#### YOUR INSTRUCTIONS:
Restate exactly, and only, the lines spanning from the one with "Custom (Green) Long" to the end of the records below.

====

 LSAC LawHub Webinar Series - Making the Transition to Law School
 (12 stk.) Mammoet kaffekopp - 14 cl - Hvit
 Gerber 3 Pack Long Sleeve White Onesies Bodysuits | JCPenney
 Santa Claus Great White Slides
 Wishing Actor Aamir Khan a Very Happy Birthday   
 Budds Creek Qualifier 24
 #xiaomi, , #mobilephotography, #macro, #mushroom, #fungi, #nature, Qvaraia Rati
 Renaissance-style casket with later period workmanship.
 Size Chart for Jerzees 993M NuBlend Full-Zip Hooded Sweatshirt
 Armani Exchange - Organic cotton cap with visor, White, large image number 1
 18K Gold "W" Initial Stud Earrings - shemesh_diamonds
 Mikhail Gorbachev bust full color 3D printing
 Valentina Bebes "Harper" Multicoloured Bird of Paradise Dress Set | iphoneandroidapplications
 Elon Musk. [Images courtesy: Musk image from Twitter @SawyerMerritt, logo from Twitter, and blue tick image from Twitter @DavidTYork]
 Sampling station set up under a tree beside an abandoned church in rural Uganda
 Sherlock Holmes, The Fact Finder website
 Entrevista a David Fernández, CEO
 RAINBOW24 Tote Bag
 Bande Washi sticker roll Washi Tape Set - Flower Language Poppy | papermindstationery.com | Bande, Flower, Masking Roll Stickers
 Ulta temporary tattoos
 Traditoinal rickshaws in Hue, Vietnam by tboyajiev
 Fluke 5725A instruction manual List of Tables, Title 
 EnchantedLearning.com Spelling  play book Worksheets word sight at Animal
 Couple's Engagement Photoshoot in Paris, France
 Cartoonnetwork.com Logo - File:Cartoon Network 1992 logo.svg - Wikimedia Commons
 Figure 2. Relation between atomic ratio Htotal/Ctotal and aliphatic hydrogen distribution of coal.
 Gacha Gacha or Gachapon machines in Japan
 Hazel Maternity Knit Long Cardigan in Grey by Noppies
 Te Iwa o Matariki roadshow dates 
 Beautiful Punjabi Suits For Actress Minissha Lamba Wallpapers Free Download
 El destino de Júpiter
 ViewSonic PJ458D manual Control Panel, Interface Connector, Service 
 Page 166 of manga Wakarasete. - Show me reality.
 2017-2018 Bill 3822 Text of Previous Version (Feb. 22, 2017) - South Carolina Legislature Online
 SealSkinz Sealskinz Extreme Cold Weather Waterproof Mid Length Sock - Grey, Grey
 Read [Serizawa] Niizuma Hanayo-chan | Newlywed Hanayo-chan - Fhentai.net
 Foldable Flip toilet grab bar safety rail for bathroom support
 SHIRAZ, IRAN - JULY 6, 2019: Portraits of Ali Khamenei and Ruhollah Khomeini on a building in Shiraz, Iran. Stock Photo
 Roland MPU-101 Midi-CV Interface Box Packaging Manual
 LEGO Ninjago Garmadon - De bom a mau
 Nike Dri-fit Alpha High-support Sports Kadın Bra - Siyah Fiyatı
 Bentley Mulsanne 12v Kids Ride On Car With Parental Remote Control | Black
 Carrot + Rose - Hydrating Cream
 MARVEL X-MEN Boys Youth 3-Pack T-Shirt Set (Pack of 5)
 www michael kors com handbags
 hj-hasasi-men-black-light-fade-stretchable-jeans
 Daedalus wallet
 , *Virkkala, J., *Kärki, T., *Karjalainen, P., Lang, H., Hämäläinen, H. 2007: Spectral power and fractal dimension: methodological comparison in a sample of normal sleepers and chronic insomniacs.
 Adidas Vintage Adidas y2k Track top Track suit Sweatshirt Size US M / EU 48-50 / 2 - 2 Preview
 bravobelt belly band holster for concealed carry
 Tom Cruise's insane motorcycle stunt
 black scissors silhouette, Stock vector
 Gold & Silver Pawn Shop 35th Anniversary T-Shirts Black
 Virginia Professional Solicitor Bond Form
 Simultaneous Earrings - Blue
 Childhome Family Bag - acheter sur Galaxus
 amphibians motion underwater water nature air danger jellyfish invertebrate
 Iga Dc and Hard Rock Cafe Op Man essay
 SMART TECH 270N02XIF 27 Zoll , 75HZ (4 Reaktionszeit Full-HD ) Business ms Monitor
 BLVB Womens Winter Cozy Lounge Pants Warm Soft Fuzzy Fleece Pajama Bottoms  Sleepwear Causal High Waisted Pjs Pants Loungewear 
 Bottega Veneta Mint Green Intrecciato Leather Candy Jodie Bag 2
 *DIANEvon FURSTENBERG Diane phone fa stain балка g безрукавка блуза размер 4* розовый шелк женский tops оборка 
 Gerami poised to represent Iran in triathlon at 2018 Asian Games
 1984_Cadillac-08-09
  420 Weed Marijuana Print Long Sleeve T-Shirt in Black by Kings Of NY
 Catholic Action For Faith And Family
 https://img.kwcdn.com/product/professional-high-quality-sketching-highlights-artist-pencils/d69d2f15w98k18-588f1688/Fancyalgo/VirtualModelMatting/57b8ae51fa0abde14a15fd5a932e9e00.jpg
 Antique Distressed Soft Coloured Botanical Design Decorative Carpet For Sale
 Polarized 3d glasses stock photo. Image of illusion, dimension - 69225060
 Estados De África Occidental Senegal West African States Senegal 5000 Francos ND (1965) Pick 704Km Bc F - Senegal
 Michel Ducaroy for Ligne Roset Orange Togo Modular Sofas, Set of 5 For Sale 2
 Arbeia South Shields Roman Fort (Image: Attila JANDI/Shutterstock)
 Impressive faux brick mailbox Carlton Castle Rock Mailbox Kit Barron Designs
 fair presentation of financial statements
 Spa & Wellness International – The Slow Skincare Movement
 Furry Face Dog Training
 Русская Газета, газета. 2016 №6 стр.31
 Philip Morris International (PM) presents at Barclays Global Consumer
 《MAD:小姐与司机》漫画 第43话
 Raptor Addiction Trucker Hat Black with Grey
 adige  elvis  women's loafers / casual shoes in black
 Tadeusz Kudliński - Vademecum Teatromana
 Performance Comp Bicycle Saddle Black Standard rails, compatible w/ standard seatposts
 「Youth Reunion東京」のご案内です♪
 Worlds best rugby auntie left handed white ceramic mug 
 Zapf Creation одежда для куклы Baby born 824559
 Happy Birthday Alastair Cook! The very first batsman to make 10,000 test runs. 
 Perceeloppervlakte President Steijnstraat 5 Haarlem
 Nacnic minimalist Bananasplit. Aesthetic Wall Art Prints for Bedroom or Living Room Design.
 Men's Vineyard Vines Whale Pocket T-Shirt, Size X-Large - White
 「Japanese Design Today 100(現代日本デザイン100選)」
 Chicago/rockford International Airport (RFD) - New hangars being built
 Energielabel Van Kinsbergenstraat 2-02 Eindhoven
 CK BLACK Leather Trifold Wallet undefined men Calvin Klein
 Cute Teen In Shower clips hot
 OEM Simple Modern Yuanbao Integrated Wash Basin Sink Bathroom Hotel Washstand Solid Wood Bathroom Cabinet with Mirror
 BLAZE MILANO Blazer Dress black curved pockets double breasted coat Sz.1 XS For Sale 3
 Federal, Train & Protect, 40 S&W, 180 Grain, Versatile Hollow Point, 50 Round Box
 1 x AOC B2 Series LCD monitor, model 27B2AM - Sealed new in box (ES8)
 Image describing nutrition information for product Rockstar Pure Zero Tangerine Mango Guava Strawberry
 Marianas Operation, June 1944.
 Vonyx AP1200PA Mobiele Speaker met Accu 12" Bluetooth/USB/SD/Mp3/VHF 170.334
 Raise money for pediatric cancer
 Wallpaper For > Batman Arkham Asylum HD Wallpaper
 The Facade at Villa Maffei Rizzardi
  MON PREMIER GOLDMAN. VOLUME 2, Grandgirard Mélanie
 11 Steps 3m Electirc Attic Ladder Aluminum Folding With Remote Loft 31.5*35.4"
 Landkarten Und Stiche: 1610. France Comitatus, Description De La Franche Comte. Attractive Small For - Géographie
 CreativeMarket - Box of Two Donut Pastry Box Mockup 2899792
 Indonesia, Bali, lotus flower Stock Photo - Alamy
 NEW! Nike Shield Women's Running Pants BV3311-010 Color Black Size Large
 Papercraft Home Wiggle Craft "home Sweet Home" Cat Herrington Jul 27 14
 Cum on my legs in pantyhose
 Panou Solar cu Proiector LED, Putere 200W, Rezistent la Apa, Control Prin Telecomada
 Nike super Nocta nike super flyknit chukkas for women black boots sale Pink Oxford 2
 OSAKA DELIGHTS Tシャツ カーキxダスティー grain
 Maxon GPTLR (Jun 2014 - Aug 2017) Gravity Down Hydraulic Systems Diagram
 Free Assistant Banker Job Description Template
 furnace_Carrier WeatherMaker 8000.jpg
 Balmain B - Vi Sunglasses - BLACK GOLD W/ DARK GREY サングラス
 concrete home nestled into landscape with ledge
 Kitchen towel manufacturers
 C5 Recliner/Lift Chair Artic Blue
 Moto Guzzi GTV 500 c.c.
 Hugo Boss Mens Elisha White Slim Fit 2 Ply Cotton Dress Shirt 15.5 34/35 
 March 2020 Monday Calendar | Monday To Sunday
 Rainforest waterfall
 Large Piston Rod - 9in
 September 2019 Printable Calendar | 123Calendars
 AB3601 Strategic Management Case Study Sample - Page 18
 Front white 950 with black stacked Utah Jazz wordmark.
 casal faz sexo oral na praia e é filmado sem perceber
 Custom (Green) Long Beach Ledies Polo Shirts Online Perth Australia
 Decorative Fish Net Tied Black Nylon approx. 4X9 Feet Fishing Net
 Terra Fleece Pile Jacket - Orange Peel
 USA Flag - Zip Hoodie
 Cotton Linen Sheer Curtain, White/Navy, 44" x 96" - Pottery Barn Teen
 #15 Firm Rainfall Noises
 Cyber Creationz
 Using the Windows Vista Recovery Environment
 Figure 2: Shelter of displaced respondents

====

#### RESULT:
 Custom (Green) Long Beach Ledies Polo Shirts Online Perth Australia
 Decorative Fish Net Tied Black Nylon approx. 4X9 Feet Fishing Net
 Terra Fleece Pile Jacket - Orange Peel
 USA Flag - Zip Hoodie
 Cotton Linen Sheer Curtain, White/Navy, 44" x 96" - Pottery Barn Teen
 #15 Firm Rainfall Noises
 Cyber Creationz
 Using the Windows Vista Recovery Environment
 Figure 2: Shelter of displaced respondents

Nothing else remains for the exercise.